1. Environment Preparation

1.1 Python Version Requirements

  • Python >= 3.11

Please confirm that the current Python version meets the requirements:

python --version
# or
python3 --version

1.2 Create Virtual Environment with Conda (Recommended)

conda create -n AAG python=3.11
conda activate AAG

1.3 Neo4j Installation and Configuration

YiGraph requires Neo4j as the graph database. This guide uses Neo4j 3.5.25.

1.3.1 Java Version Requirements

Neo4j 3.5.25 requires Java 8 or Java 11. Please check your Java version:

java -version

If Java is not installed, please install the appropriate version first.
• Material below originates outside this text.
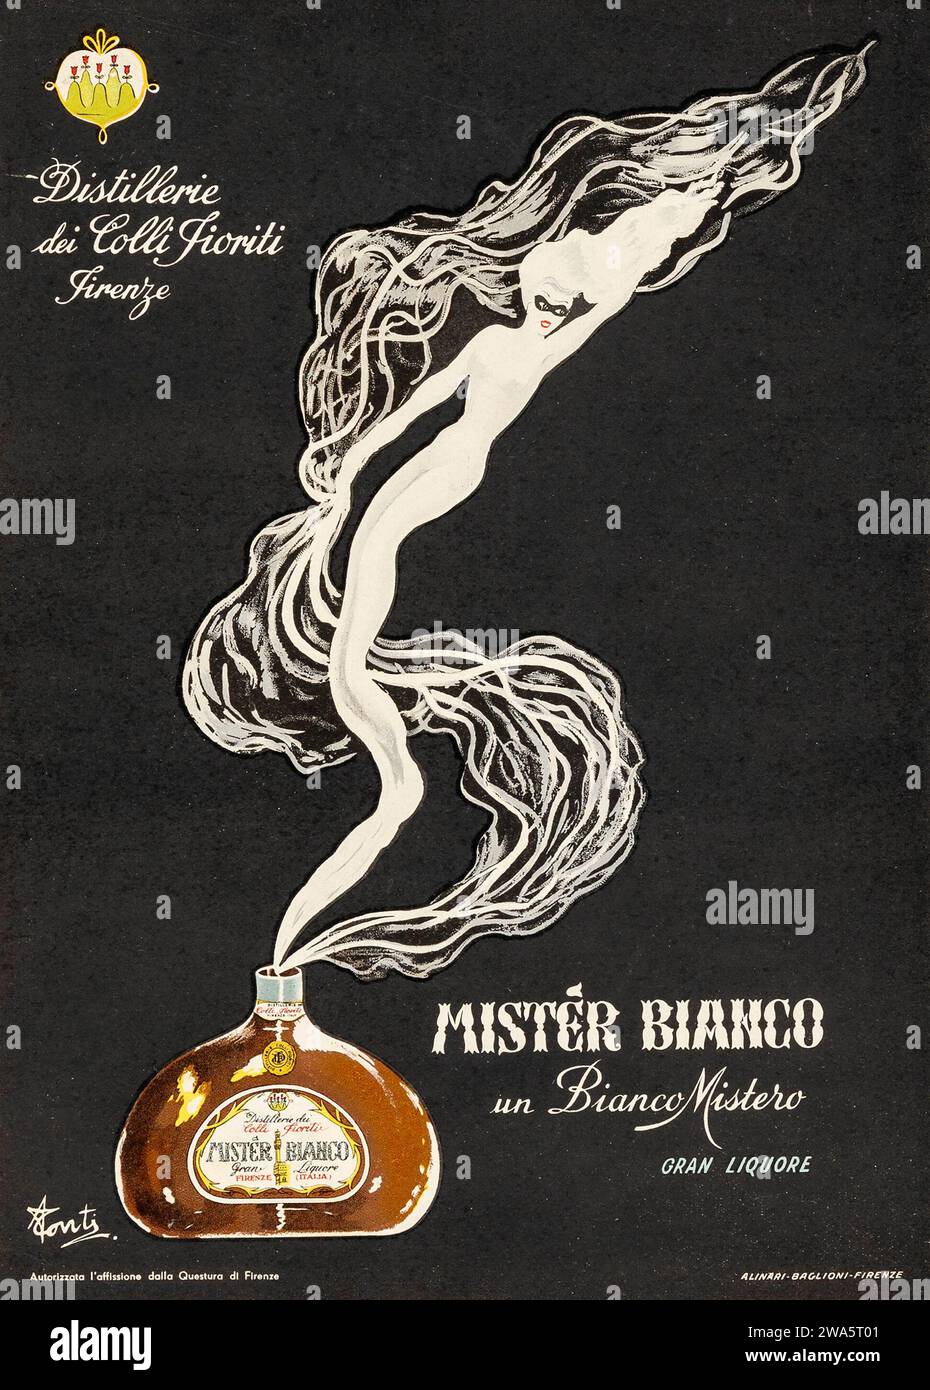 Mister Bianco un Bianco Mistero Gran Liquore (années 1930) affiche publicitaire Banque D'Images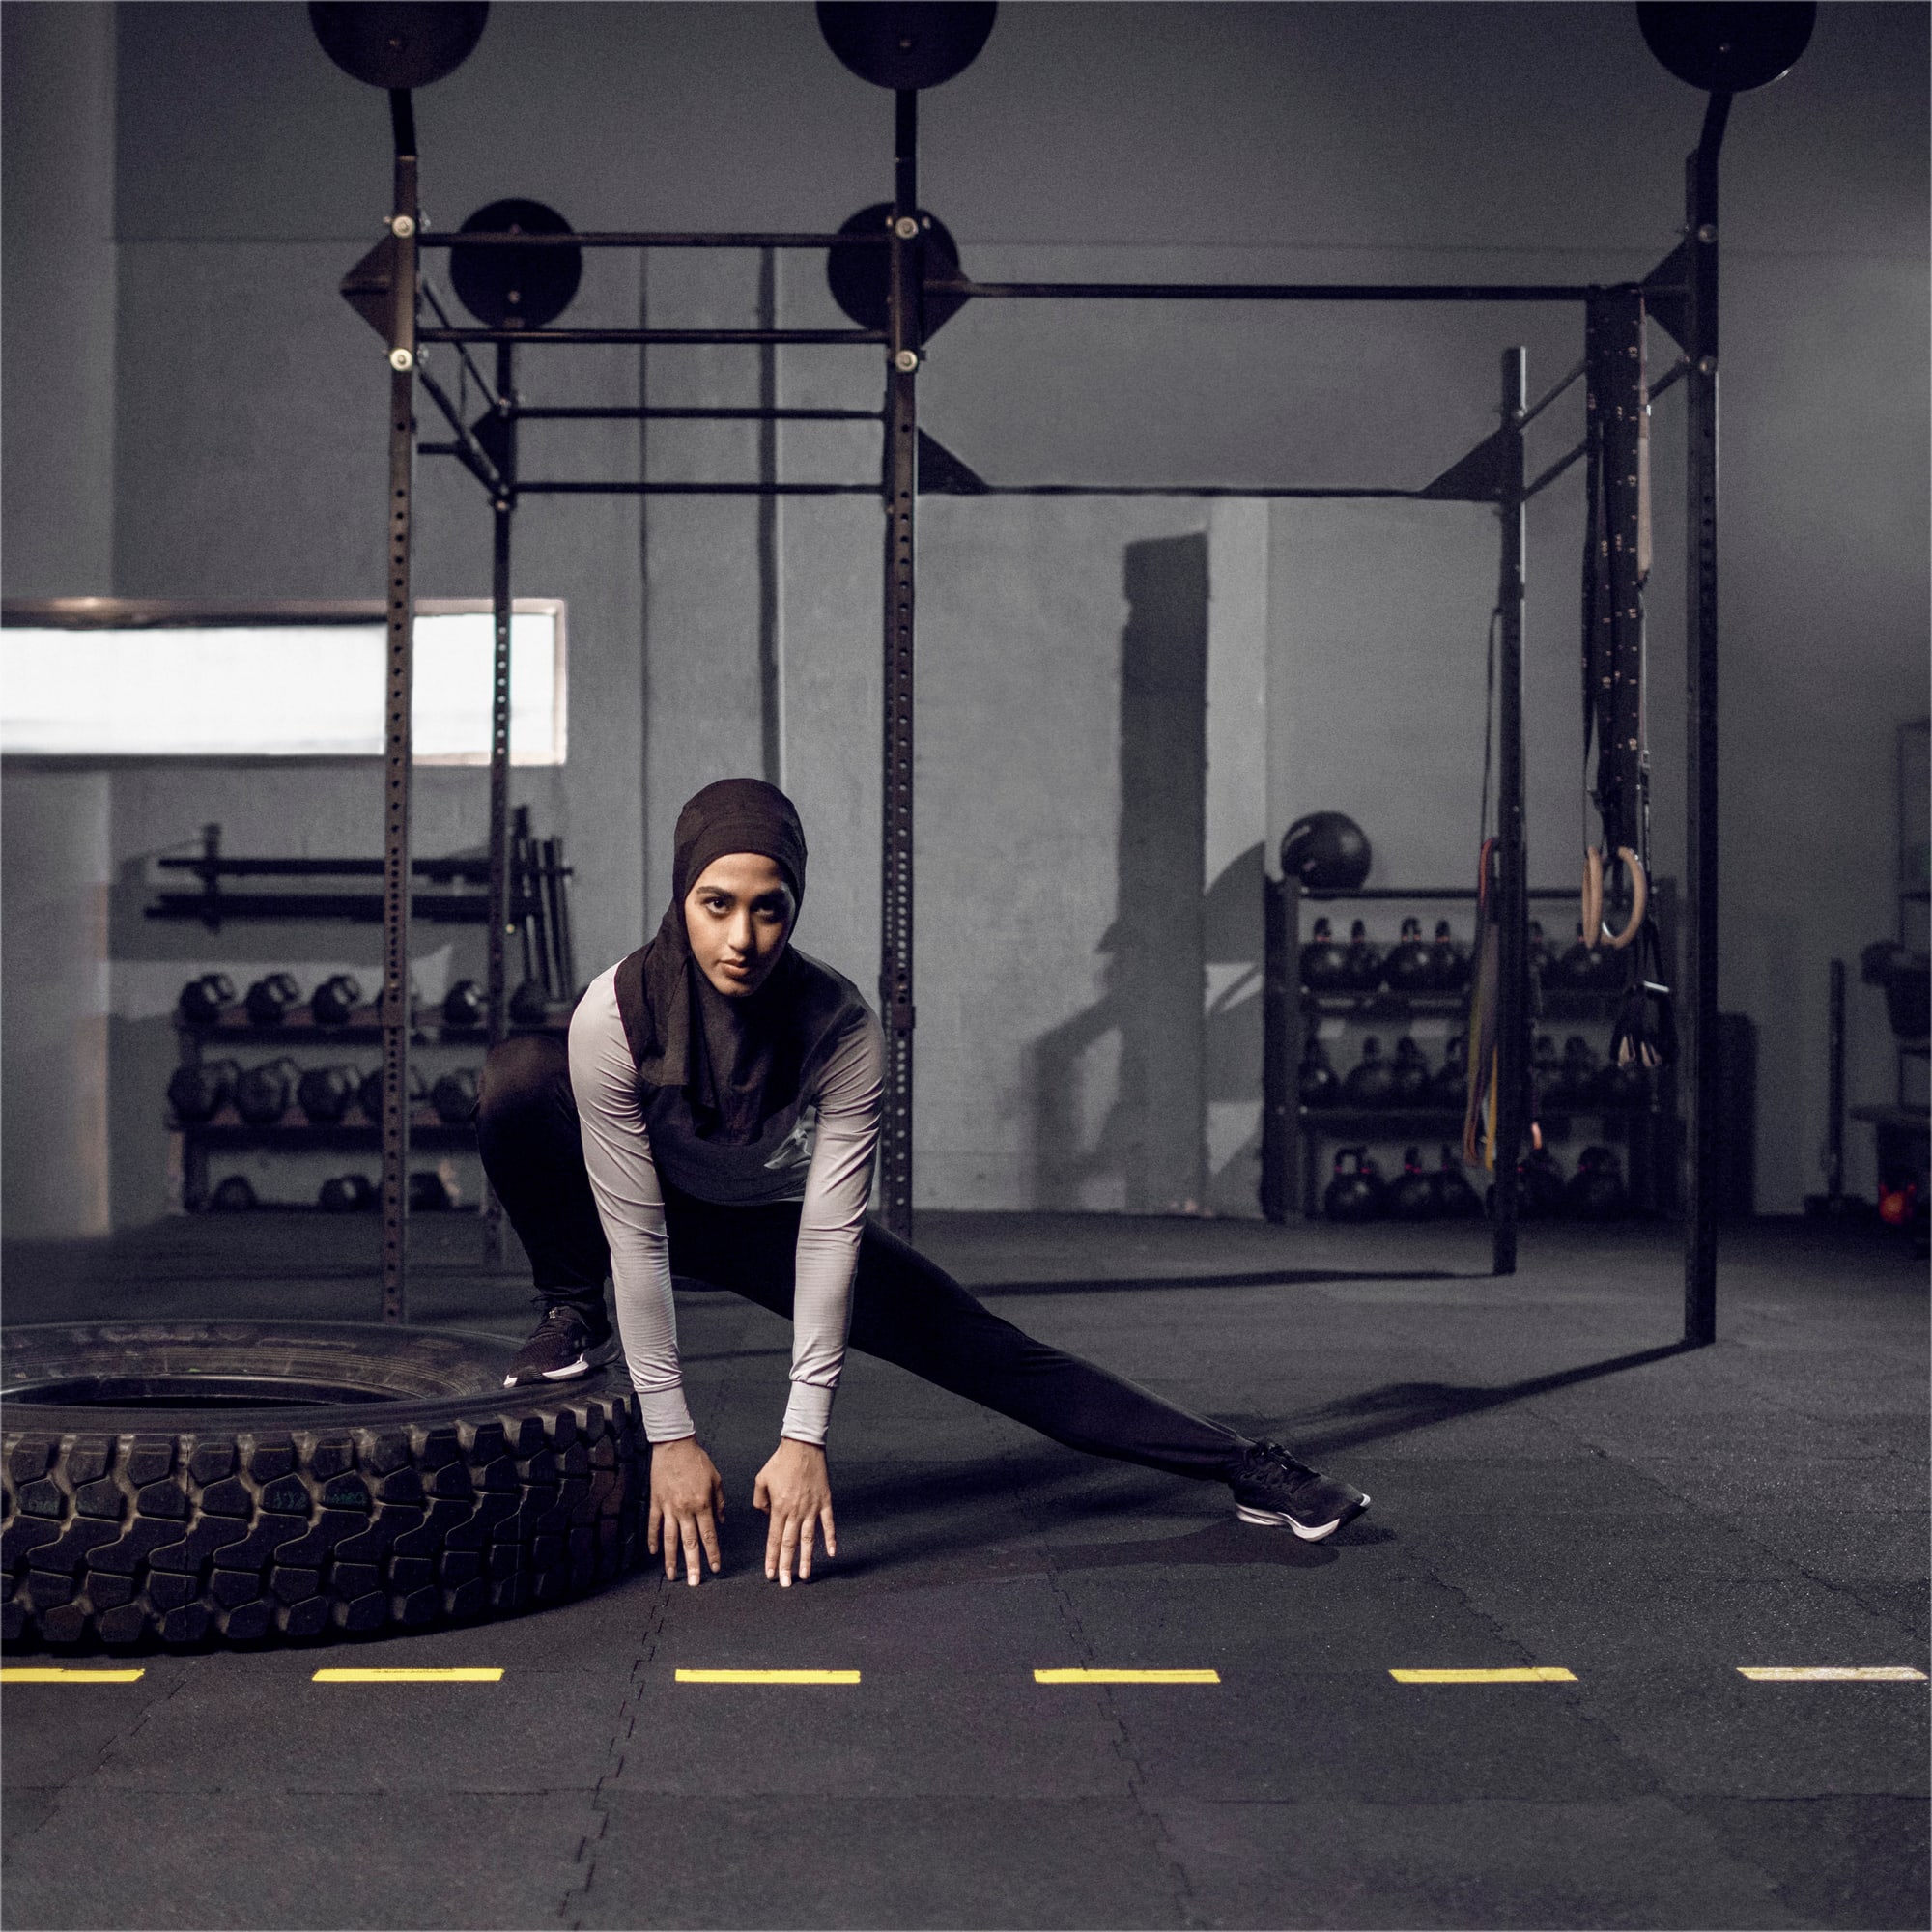 PUMA Sport Running Hijab Für Damen, Schwarz, Größe: M

1.3.2 Download and Extract Neo4j
  1. Download the Neo4j 3.5.25 installation package from the official website (usually in .tar.gz or .zip format)
  2. Extract the package to your desired location:

Linux/Mac systems (.tar.gz format):

tar -xzf neo4j-community-3.5.25-unix.tar.gz
cd neo4j-community-3.5.25

Windows systems (.zip format):

  • Right-click the archive and select "Extract to current folder"
  • Or use command: unzip neo4j-community-3.5.25-windows.zip
  • Navigate to the extracted directory
1.3.3 Configure Neo4j

Enter the conf directory and edit the neo4j.conf file:

cd conf

Add or modify the following settings in neo4j.conf:

dbms.connectors.default_listen_address=0.0.0.0
dbms.connectors.default_advertised_address=localhost
dbms.connector.bolt.listen_address=0.0.0.0:7687
dbms.connector.http.listen_address=0.0.0.0:7474
dbms.connector.https.enabled=true
1.3.4 Start and Stop Neo4j

Navigate to the bin directory to start or stop Neo4j:

Start Neo4j:

cd bin
./neo4j start

Stop Neo4j:

./neo4j stop

After starting Neo4j, you can access the web interface at http://localhost:7474 to verify the installation.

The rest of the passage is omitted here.